Output verbatim the line with "Line Graphic Design" together with every line beneath it, ending at the last line of the entries.

┌────────

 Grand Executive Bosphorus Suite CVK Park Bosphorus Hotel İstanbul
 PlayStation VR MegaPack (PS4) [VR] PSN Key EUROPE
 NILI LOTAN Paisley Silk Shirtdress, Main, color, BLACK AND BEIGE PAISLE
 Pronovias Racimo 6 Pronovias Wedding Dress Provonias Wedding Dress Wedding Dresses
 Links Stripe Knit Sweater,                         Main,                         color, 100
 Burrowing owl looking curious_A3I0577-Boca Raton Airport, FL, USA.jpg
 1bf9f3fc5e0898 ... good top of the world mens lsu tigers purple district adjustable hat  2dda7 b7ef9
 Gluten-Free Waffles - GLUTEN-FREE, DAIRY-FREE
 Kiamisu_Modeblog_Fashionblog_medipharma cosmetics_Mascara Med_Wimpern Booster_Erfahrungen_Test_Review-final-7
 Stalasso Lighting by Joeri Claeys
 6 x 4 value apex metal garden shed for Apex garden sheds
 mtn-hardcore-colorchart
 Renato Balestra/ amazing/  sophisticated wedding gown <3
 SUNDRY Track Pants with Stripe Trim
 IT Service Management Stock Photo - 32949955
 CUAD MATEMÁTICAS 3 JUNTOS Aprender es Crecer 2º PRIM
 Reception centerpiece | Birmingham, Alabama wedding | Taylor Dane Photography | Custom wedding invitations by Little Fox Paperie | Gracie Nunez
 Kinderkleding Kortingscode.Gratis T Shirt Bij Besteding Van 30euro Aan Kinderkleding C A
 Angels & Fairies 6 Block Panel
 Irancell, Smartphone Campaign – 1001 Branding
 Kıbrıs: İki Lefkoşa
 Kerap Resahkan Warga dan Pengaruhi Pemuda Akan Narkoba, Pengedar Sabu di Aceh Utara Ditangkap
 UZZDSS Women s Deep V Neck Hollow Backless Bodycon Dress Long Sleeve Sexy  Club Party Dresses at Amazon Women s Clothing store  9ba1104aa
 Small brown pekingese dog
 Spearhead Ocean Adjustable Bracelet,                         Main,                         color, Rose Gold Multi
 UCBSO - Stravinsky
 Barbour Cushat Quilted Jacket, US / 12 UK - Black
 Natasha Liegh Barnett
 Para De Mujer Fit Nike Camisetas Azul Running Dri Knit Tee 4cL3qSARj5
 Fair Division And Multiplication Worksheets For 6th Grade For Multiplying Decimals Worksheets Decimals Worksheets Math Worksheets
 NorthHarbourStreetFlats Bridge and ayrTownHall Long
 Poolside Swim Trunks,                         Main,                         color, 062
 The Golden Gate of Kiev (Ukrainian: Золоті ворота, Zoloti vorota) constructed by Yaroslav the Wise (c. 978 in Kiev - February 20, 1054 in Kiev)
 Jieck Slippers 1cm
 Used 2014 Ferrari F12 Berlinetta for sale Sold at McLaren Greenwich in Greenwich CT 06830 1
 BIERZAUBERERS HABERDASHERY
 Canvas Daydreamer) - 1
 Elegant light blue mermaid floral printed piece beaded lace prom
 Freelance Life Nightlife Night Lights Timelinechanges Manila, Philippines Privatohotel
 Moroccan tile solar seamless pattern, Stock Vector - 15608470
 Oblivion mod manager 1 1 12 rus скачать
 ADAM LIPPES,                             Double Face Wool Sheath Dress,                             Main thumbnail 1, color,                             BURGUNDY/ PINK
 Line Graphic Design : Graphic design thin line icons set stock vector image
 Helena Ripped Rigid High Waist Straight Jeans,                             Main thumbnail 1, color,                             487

└────────

Response -
 Line Graphic Design : Graphic design thin line icons set stock vector image
 Helena Ripped Rigid High Waist Straight Jeans,                             Main thumbnail 1, color,                             487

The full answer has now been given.